Model Railway Scenery Secrets

Celebrating my 20th release


Reaching book release Number 20 with Model Railway Scenery Secrets.

After months of waiting since I finished writing this book late last year, this week marks the official launch of Model Railway Scenery Secrets, a book which also happens to be my 20th book release! While I'll save the ins-and-outs of what the book contains for my model railway readers over on Philden Model Railway, I thought I'd share a little about what it means to reach this milestone and how difficult it has been to get here. Those who are thinking that writing a book such as this is easy, are going to be left disappointed.


This is my 3rd Philden Model Railway Presents release.

"Isn't it just a book about model trains? What could possibly be so hard about writing that?"


Well, to answer that question; the writing. Forget for a moment that the examples I've used within the book have taken hundreds of hours to create. Forget that a hobby such as model railways can devour thousands of dollars at a time on building a project layout. And forget that photography can be difficult whilst juggling a camera, lighting and a delicate model in order to capture the one photo that emphasises the point you are trying to make in the book. It's the writing.

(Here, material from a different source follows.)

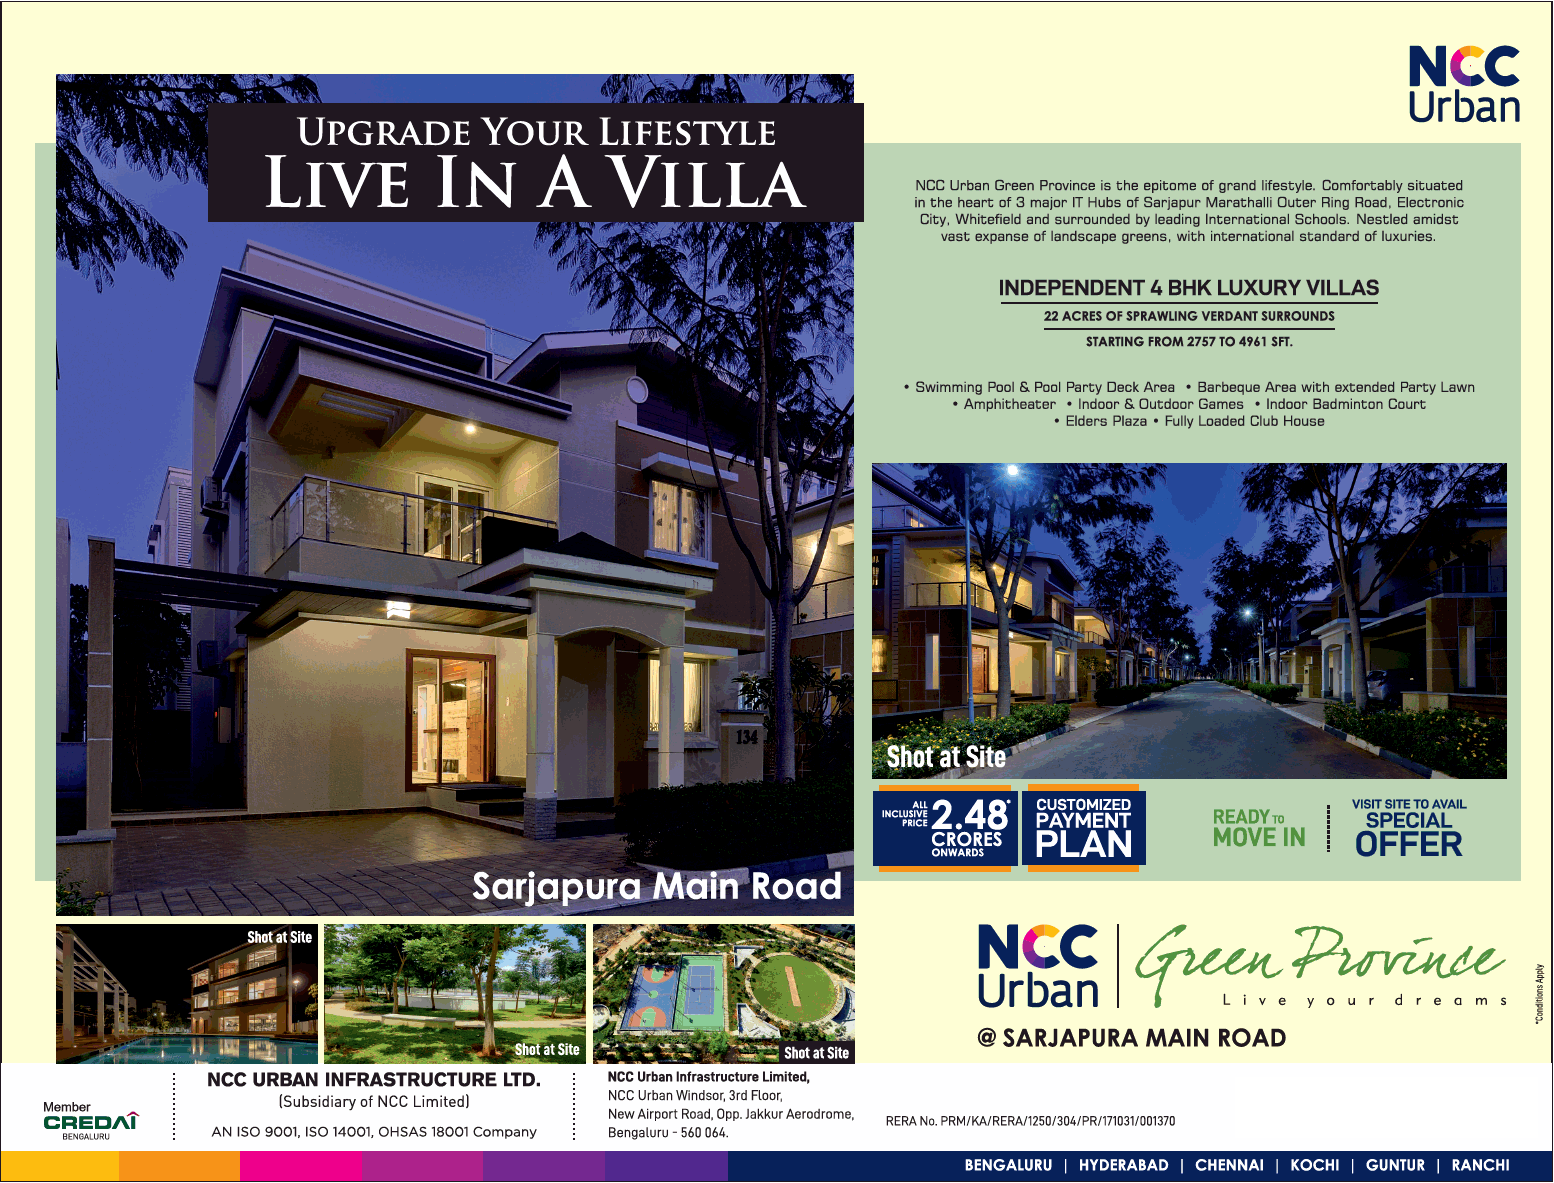 Independent 4 BHK luxury villa at NCC Urban Green Province in Bangalore

Trying to get the idea out of your head and onto a page in a manner which readers can understand and be able to follow on their quest to become better modellers. The writing in a book such as this has to hold up to a weight of scrutiny far greater than any fantasy character or scenario that I've created in the past in any of my novels. People are going to invest their time, and their money into trusting that you know what you're talking about.

Getting here, (to book release number 20), has been far more difficult than writing my first novel back in 2006. It's the process of building a career, coming to rely on your craft as a main source of income, and pushing the doubts aside that take a greater toll on the mind than the task of simply sitting down to write a book. Instead of getting easier as you go, it actually becomes harder to keep going. Keeping the passion alive and the ideas coming is the easy part. My list of new book ideas keeps growing to the point where I don't know if I'll ever get to write them all, and my passion comes from only choosing the projects that excite me the most. But all that other stuff?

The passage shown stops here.